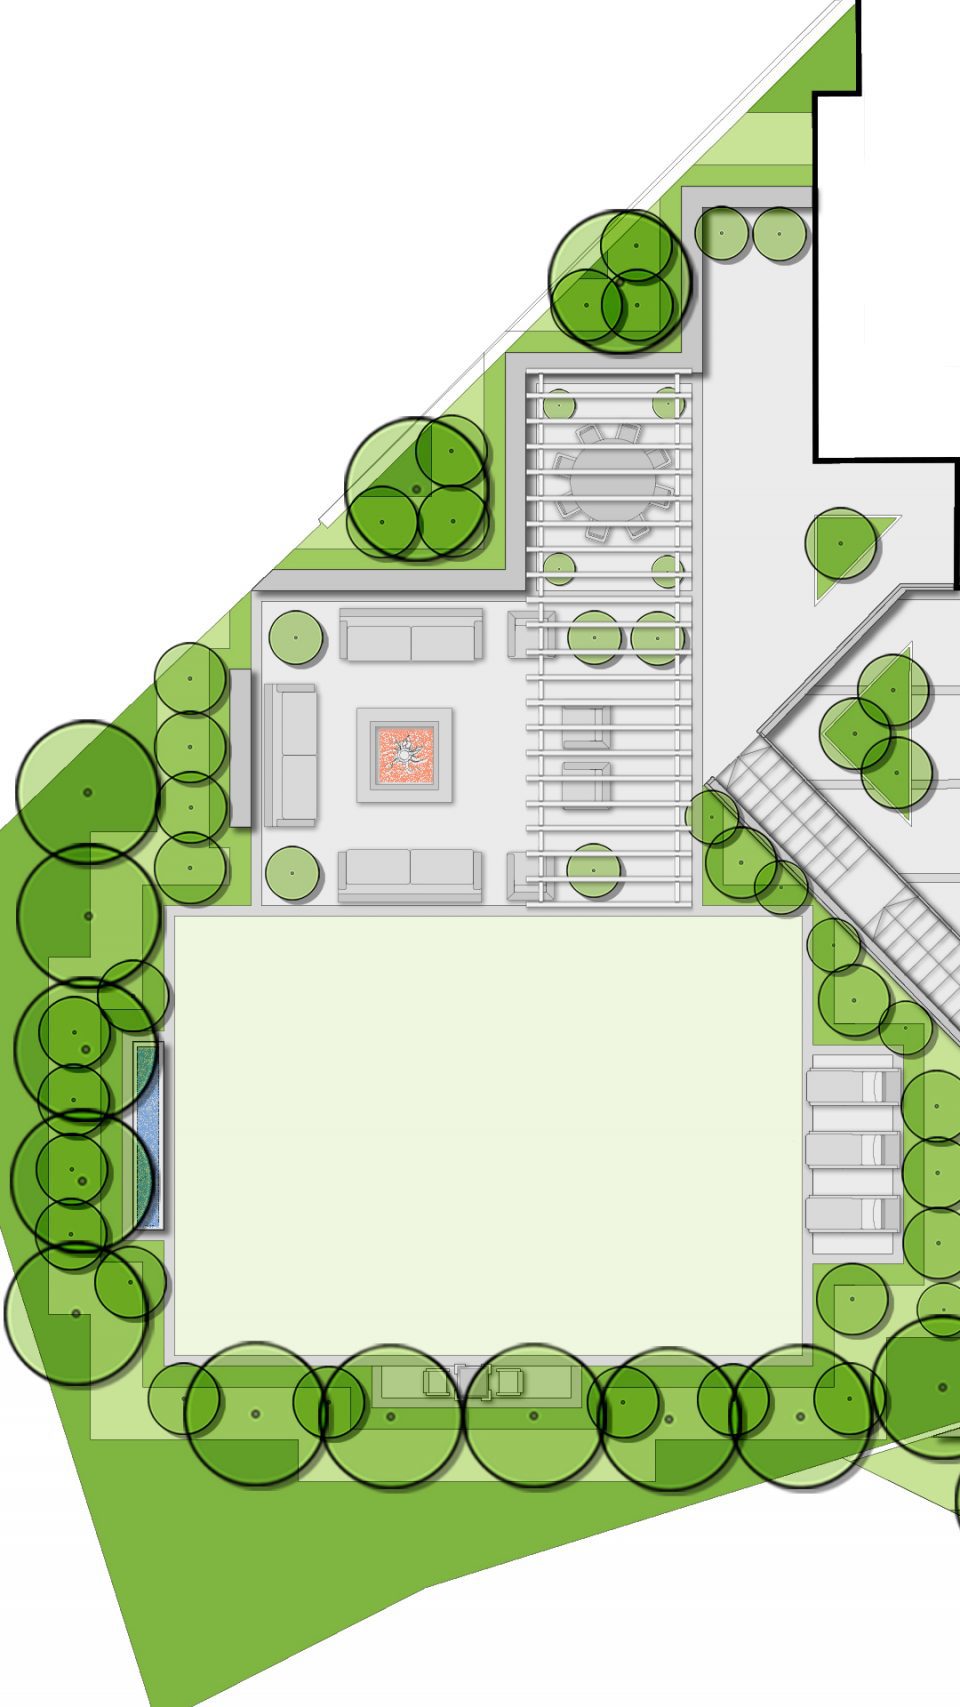 hendon garden design masterplan nw4 concept landscape architects
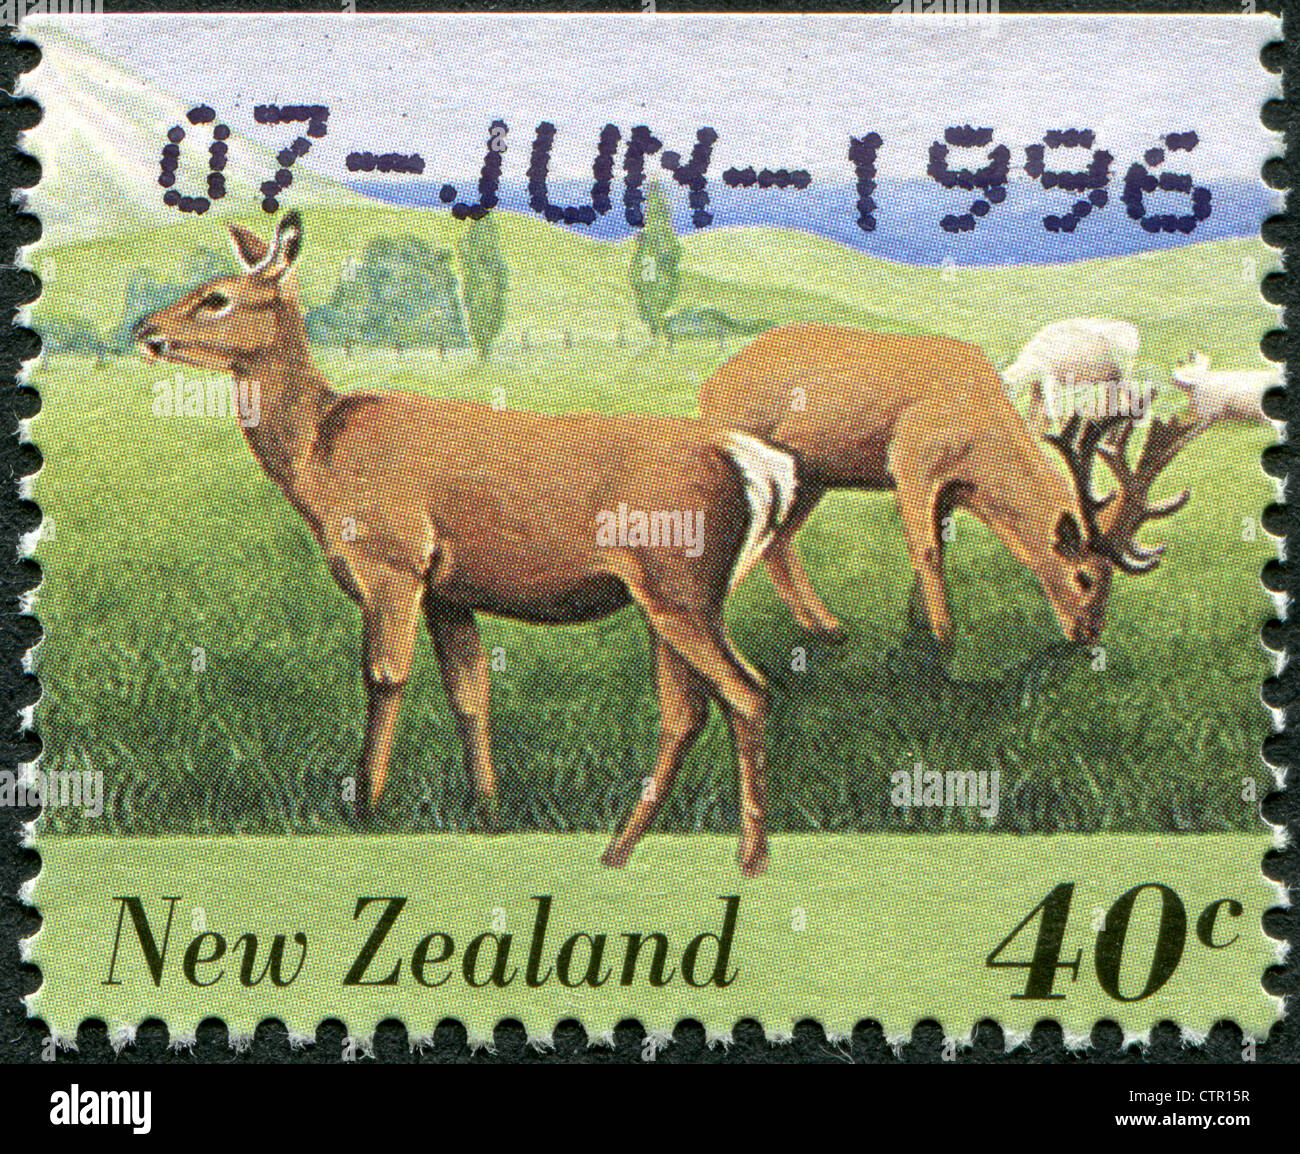 Nouvelle Zélande - circa 1995 : timbre imprimé en Nouvelle-Zélande, montre des animaux de ferme - Deer, circa 1995 Banque D'Images
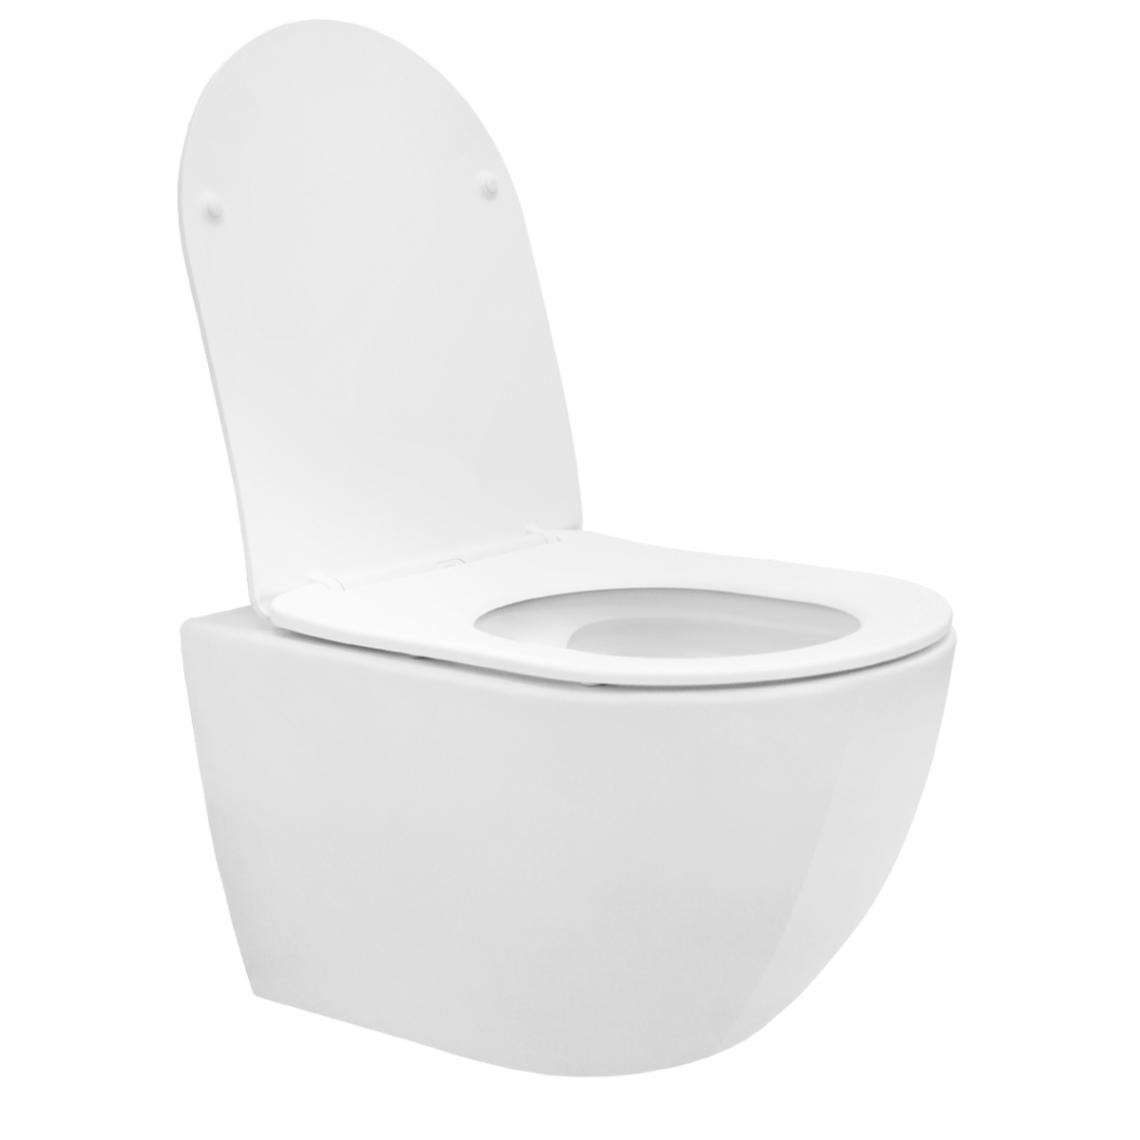 Ecd Germany - WC suspendu sans rebord long céramique blanc siège de WC Softclose salle de bain - WC
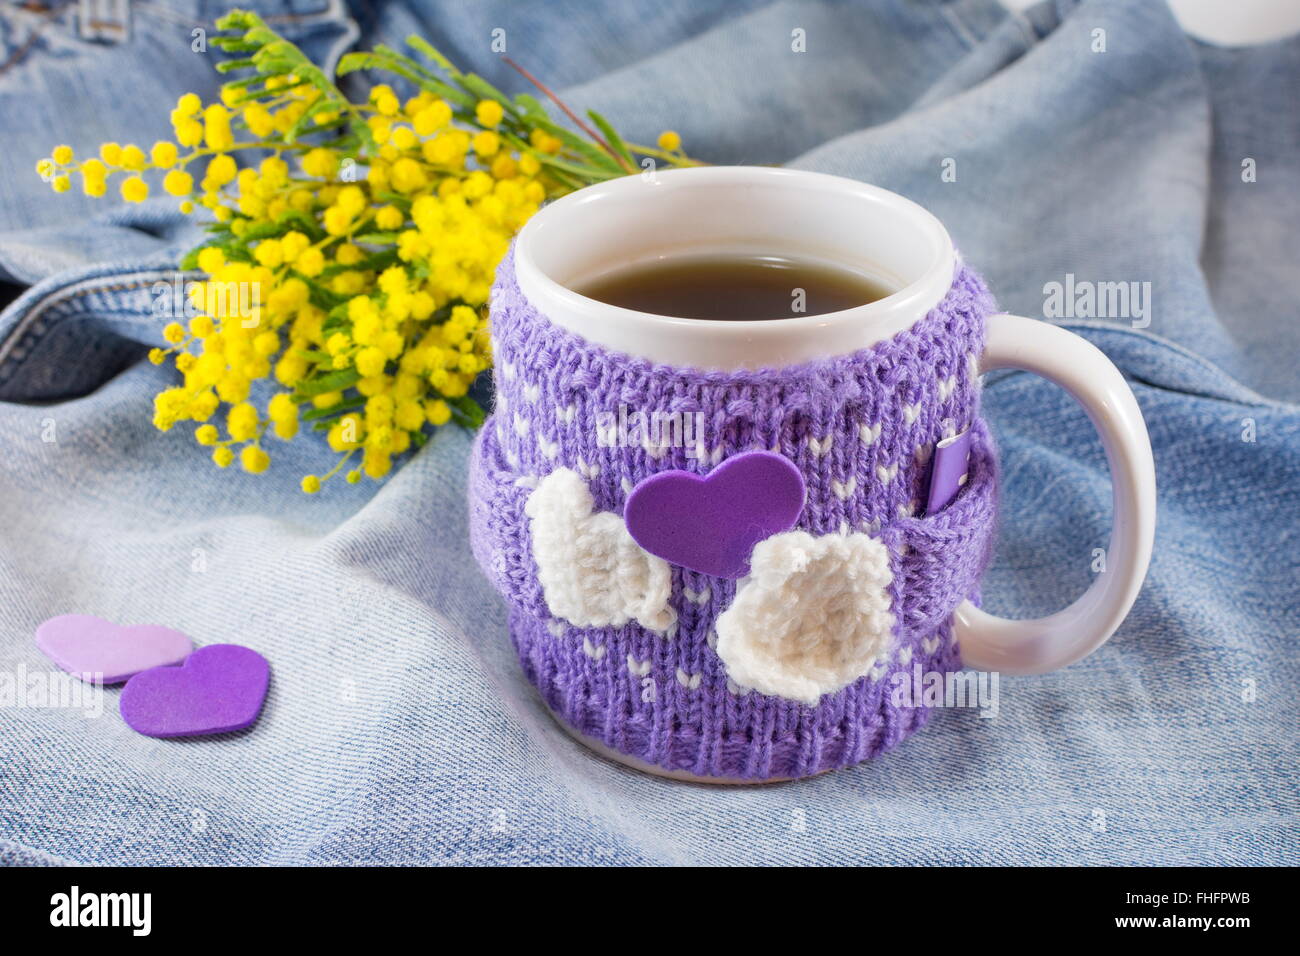 Tasse de thé d'hiver et mimosa fleurs sur fond bleu denim Banque D'Images

◆ Task statement:
In your copy of the listing above, every line must match exactly and no picture may appear.

◆ Output:
 hendon garden design masterplan nw4 concept landscape architects
 Nouvelle Zélande - circa 1995 : timbre imprimé en Nouvelle-Zélande, montre des animaux de ferme - Deer, circa 1995 Banque D'Images
 Ecd Germany - WC suspendu sans rebord long céramique blanc siège de WC Softclose salle de bain - WC
 Tasse de thé d'hiver et mimosa fleurs sur fond bleu denim Banque D'Images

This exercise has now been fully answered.